町職員が「めんどくせぇ」 ひとり親への助成金未払い クリスマスプレゼント買えず…  

2020年02月21日(金)

暮らし・生活

静岡県松崎町の男性職員が、ひとり親家庭に給付されるはずの医療費の助成手続きを怠り、支払われていなかった事がわかりました。

20日町長は当事者に謝罪しましたが、職員から「めんどくせぇ」など暴言を吐かれたと話す親もいます。

20日松崎町内のひとり親家庭の保護者を訪ねた長嶋精一町長。

保護者 「もう悔しいですね。子供がかわいそうな思いをしたので、すごく悔しいです」

謝罪をうけた女性がなお怒りを隠せないのは、ある助成金の未払いと、職員の「暴言」です。

「母子家庭医療費助成」制度は、ひとり親家庭の子供の医療費を全額助成する制度です。

支払った医療費を月ごとに領収書と一緒に町に申請をすると、2ヵ月後をめどに振り込まれる仕組みで、健康福祉課の20歳の男性職員が1人で担当していました。

男性職員は去年、女性から9月10月分の助成金約1万7000円の申請を受けたにもかかわらず、手続きを行いませんでした。

12月の支払期日になっても入金が無かったため、女性は町に問い合わせると・・・

ひとり親の女性「クリスマスの時に入るお金だったのが入らなかったので、それで役場の方に何回も連絡したんですけど、その方が対応を全然してくれなくて、結局お金も振り込まれず」

ようやく振り込まれたのは、なぜか1万7000円ではなく8000円あまり。

このお金、実は男性職員がポケットマネーで支払ったものでした。

ひとり親の女性「通帳記入をしたら何千円か『松崎町』という名前で入ってたんですけど、それはその職員の方のポケットマネーから出たお金という事だったので、全額私は返しました」

その上、暴言までも。

「たったの1万7000円と言われたから、それも頭にきたんですよ。

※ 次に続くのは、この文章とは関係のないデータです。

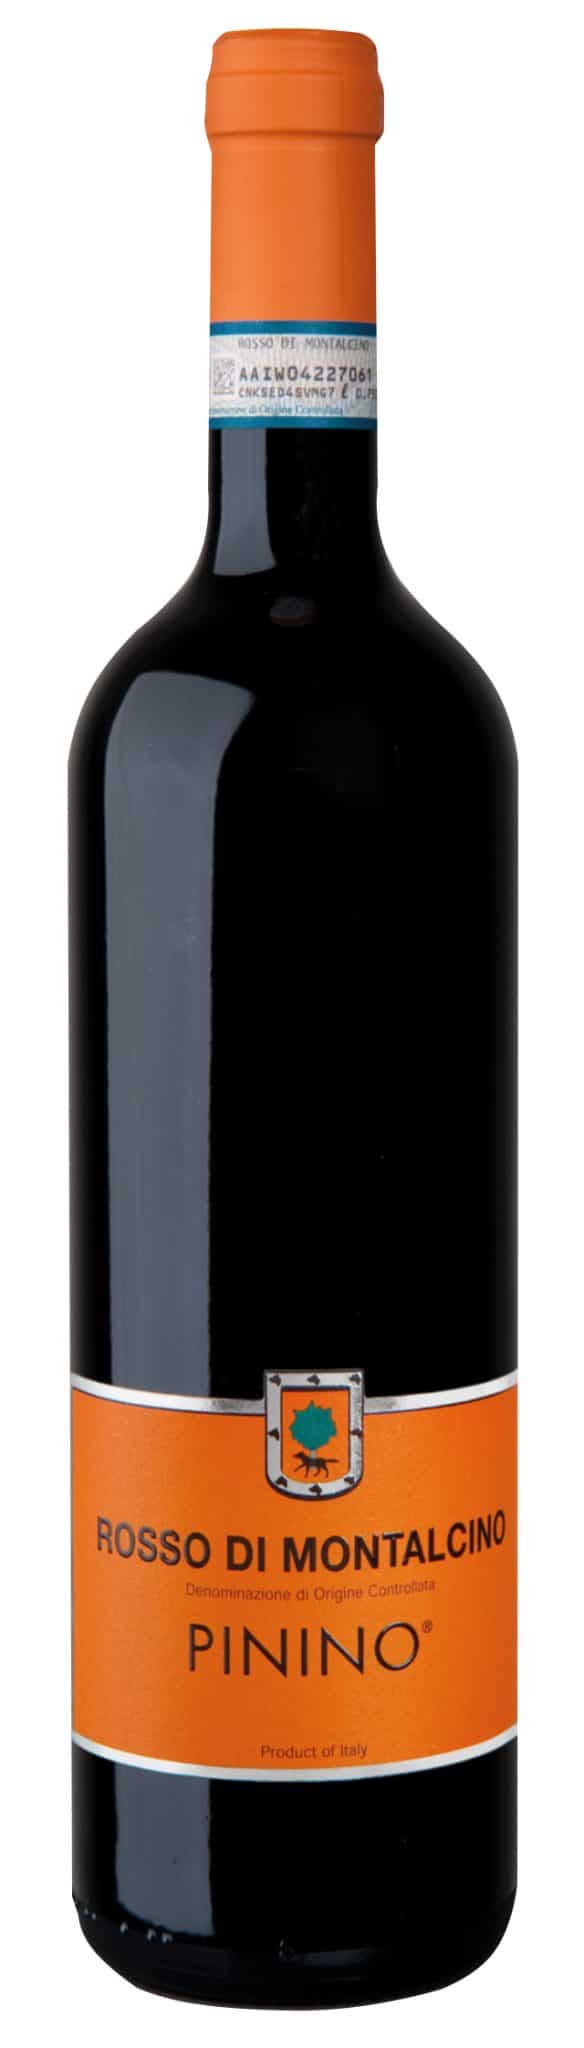 Rosso di Montalcino er inspireret af ideen om en frugt- og ungdommelig tilgang til vinfremstilling. Vinen besidder masser af moden frugt med hindbær og kirsebærkarakter. Fyldig med tæt fløjlsagtig tannin, dejlig struktur og vedvarende finish.
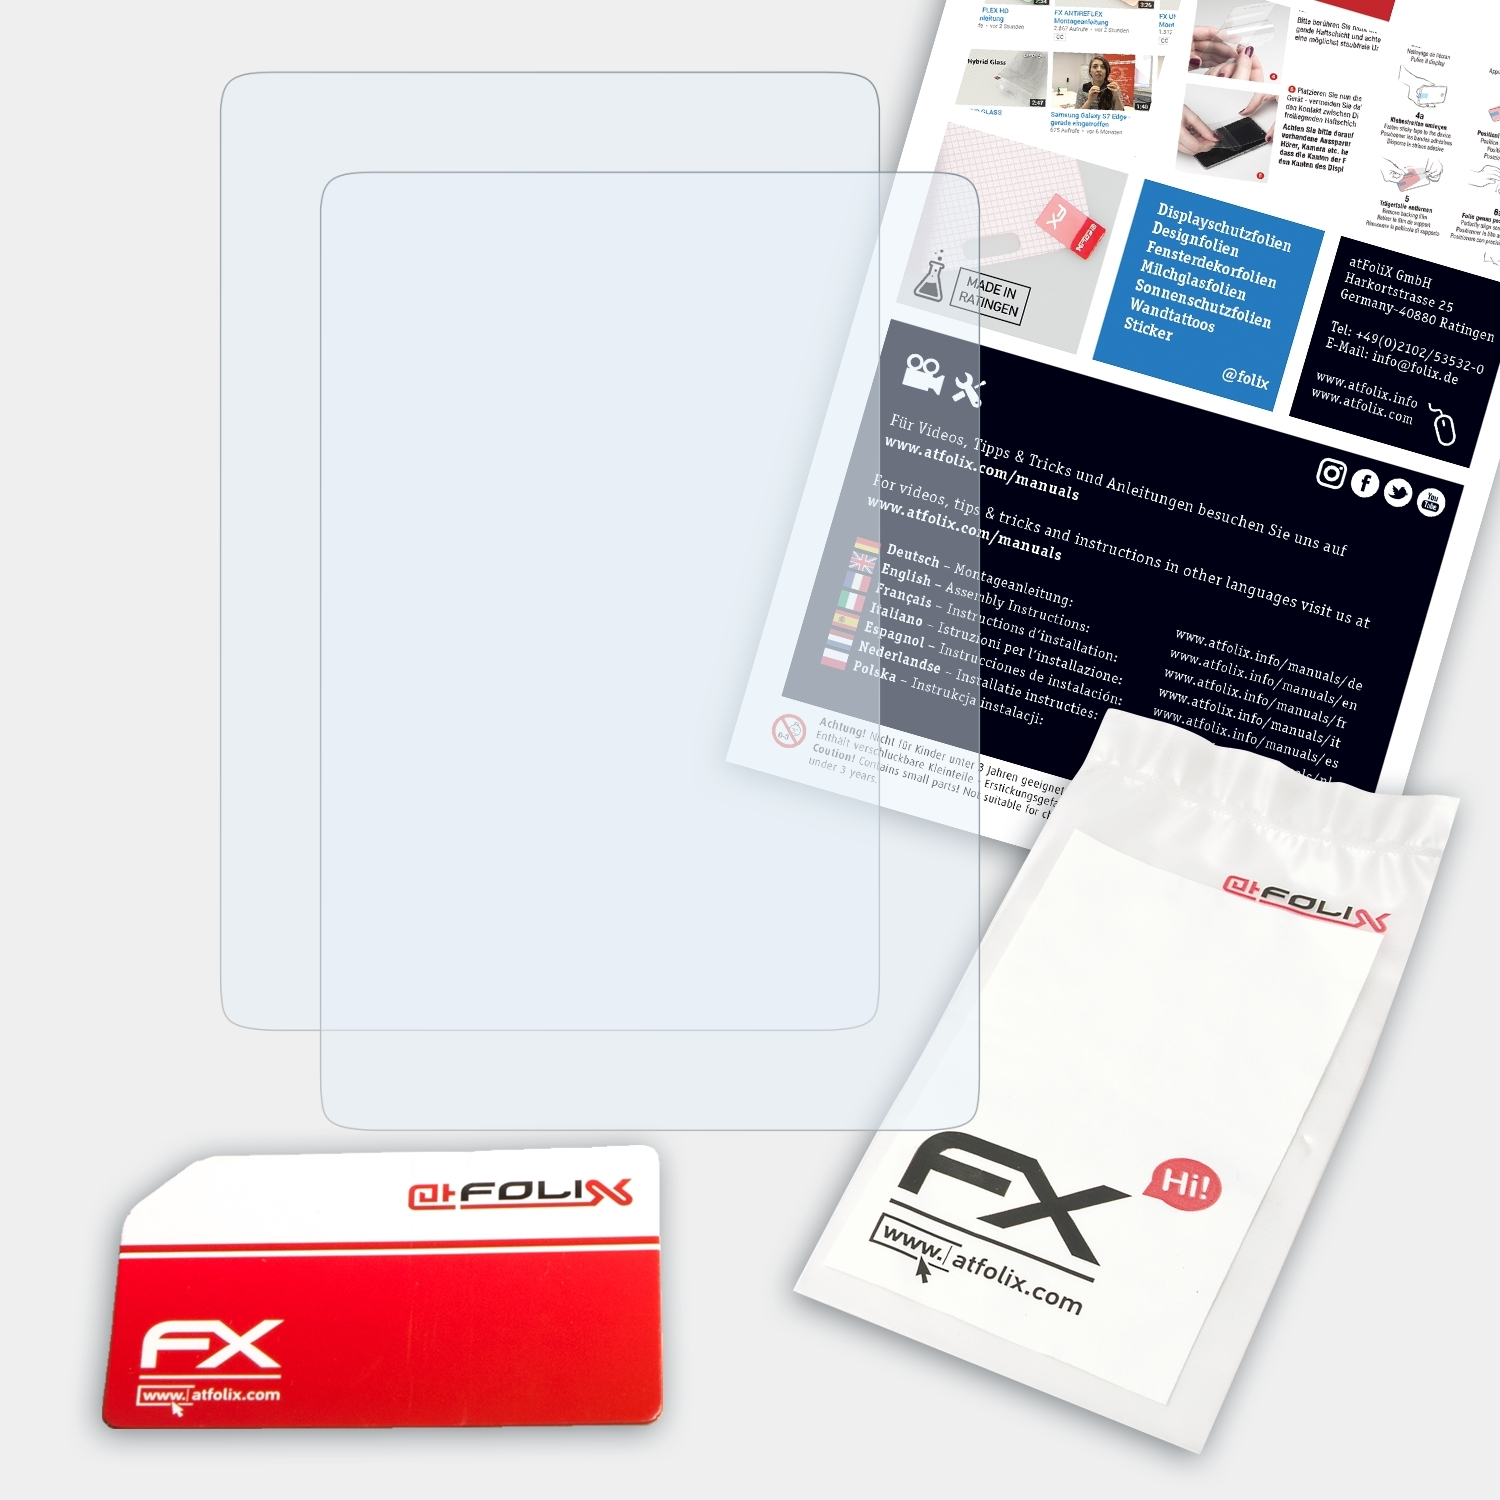 ATFOLIX 2x FX-Clear Paperwhite Amazon Kindle Displayschutz(für (2018))

『振り込むからいいだろ!』と。それで『めんどくせぇ』まで言われましたので、その時に」

「たった」と言われた1万7000円は、女性が子供たちにクリスマスプレゼントを買うためのお金でした。

保護者 「もう悔しいですね。子供がかわいそうな思いをしたので、すごく悔しいです」

謝罪を終えた長嶋町長に、なぜこんな事が起きたのか直接聞くと・・・

松崎町・長嶋精一町長 「事務手続きが正規に出来なくて、貯め込んでしまって、それで期限が来て立て替えざるを得なかったということです。だからお金を着服したのとは全く違います」

新田課長「一言で言うと職務の怠慢だったのかなと思います。(Q何人分?いくら?)いやこの方だけです、はい。(Q本当に?)・・・細かいことはちょっと申し上げられませんけど」

しかし21日、再度町に確認したところ、職員が手続きを怠っていたのは9月10月の町への申請分すべて、延べ27世帯、総額21万9000円だったことがわかりました。

職員は町に「ほかの業務が多忙だった」と説明しましたが、ほかの業務でも処理が遅れることがあったということです。

町は職員を訓告処分に、上司の課長と係長を厳重注意しました。